1 Key Risks
The most critical security risks an operator inherits when deploying this agent in its documented default configuration. DeepSeek presents high input-layer and output-layer risk from demonstrated jailbreak bypass and XSS, offset by minimal blast radius from the absence of autonomous execution capabilities.
2 AIRQ Scores
The four headline scores quantify how exposed the agent is, how damaging a successful attack would be, and how much the agent’s own controls reduce that risk. DeepSeek scores 0.73 on the AIRQ composite index, reflecting elevated attack surface offset by minimal blast radius.
DeepSeek occupies the Humble Providers quadrant because its high attack-surface score pairs with a low blast-radius footprint.

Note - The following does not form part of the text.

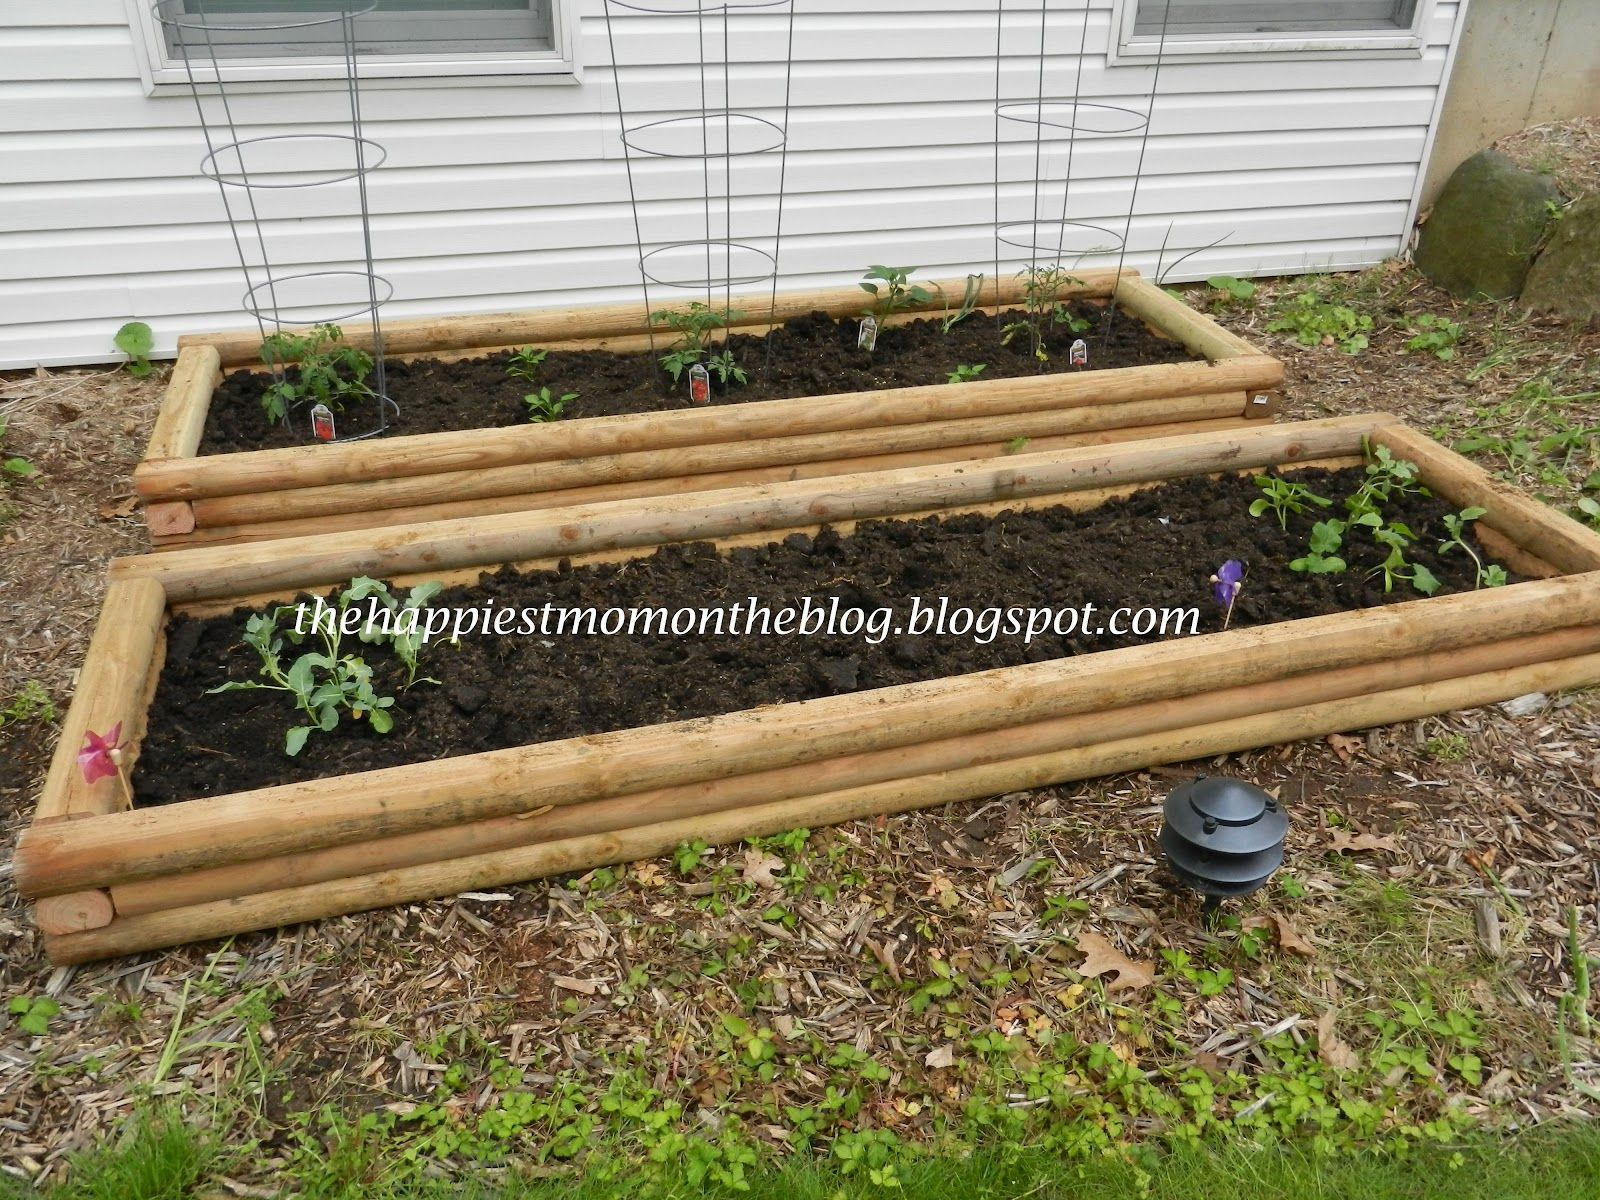 Medium Crop Of Home Depot Vegetable Garden Box

The table below summarizes the four AIRQ axis scores and the composite index for DeepSeek.
| Metric | Score | Comments |
|---|---|---|
| AIRQ Score | 0.82 | Composite risk reflects high attack surface offset by minimal blast radius and weak defenses. |
| Blast Radius | 1 / 10 | Low because the default service provides no code execution, file-system, or credential access. |
| Attack Surface | 3.72 / 10 | Elevated by agent-specific prompt-injection and XSS evidence penalties on three dimensions. |
| Defense Controls | 4 / 15 | Very weak defenses with 58 to 100 percent demonstrated bypass rates on input guardrails [2][3]. |
3 Attack Surface
Attack surfaces are the entry points and interaction patterns through which adversarial input can reach the agent’s reasoning loop and steer its behavior. DeepSeek exposes ten attack-surface dimensions with three elevated by agent-specific evidence penalties totaling +4.0 points.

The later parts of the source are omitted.